"The significance of borders exaggerated" - so begins Amy Banks his book "On the same wavelength. Neurobiology of harmonious relations. " In our culture to say that a successful person - the one who does not need other people. If you show that you need someone, you show your weakness. But recent discoveries of neuroscience show that the constant alignment of the boundaries between people of our unnatural nature.
Amy Banks, a psychiatrist and author of "On the same wavelength. Neurobiology of harmonious relations »
A new area of research called neurobiology relationships I showed that there is a certain innate system in the human body, which consists of four major neural pathways and allows us to maintain an emotional bond with other people. Furthermore, according to the neurobiology relationship detachment it affects people of neural pathways.

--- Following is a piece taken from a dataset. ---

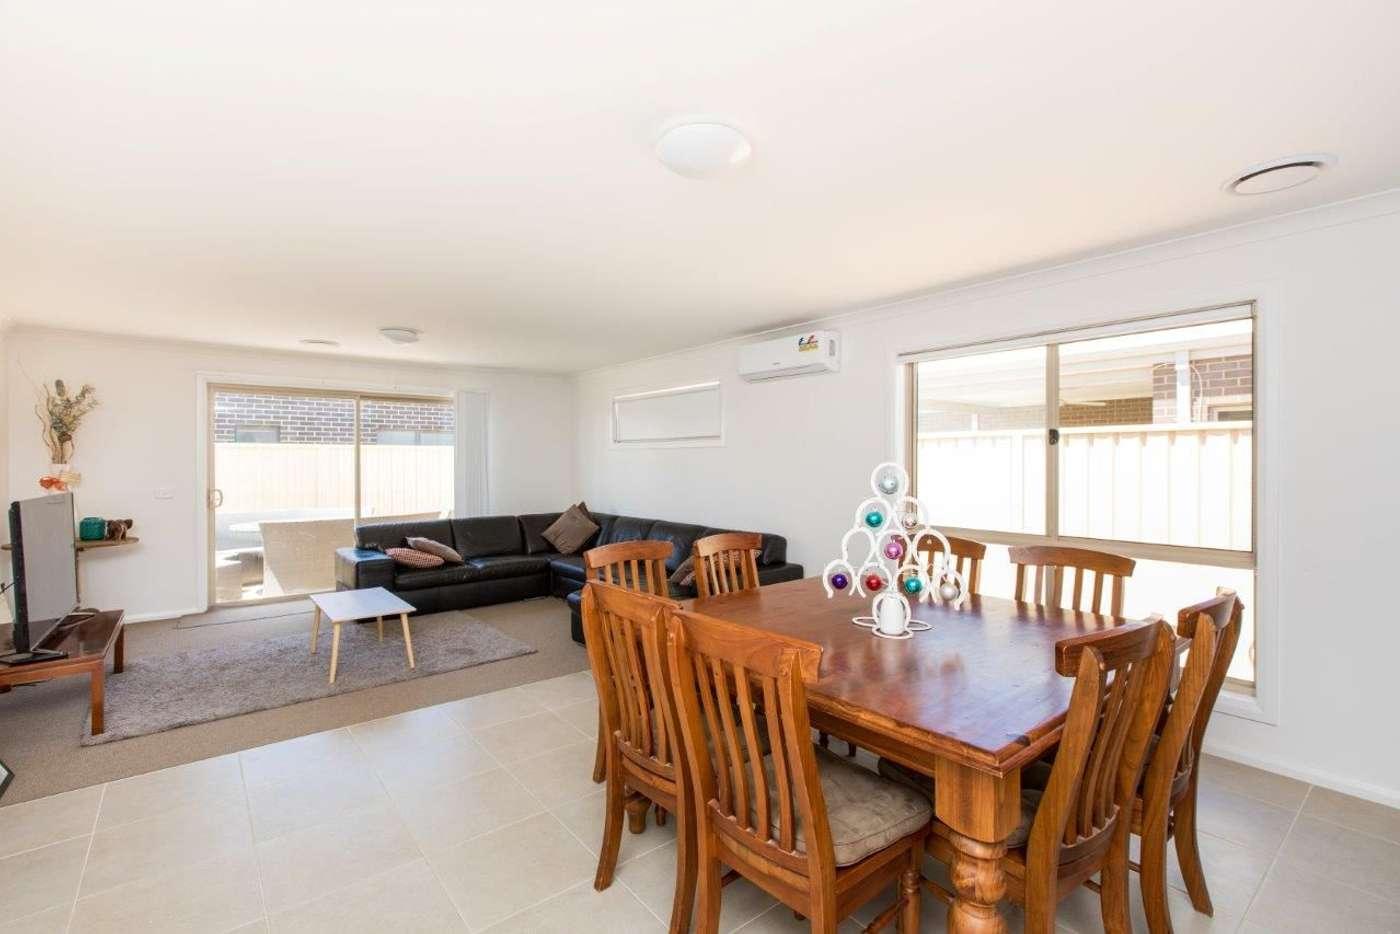 Sixth view of Homely house listing, 17 Midtown Drive, Mildura VIC 3500

As a result, there comes a cascade of neurological reactions that can lead to chronic irritability and anger, depression, addiction and chronic somatic diseases. The human brain is arranged to operate under the warm human relations.
Thus, the relationship affect the structure of the brain. If you've ever tried to ignore the influence of other people on your life, it's time to reconsider its position, taking into account this fact.
The book is written primarily for people who want to solve their personal problems building relationships with others, whether family, friends or colleagues. It sets out C.A.R.E. program that Amy Banks applied for about 15 years while working with their patients.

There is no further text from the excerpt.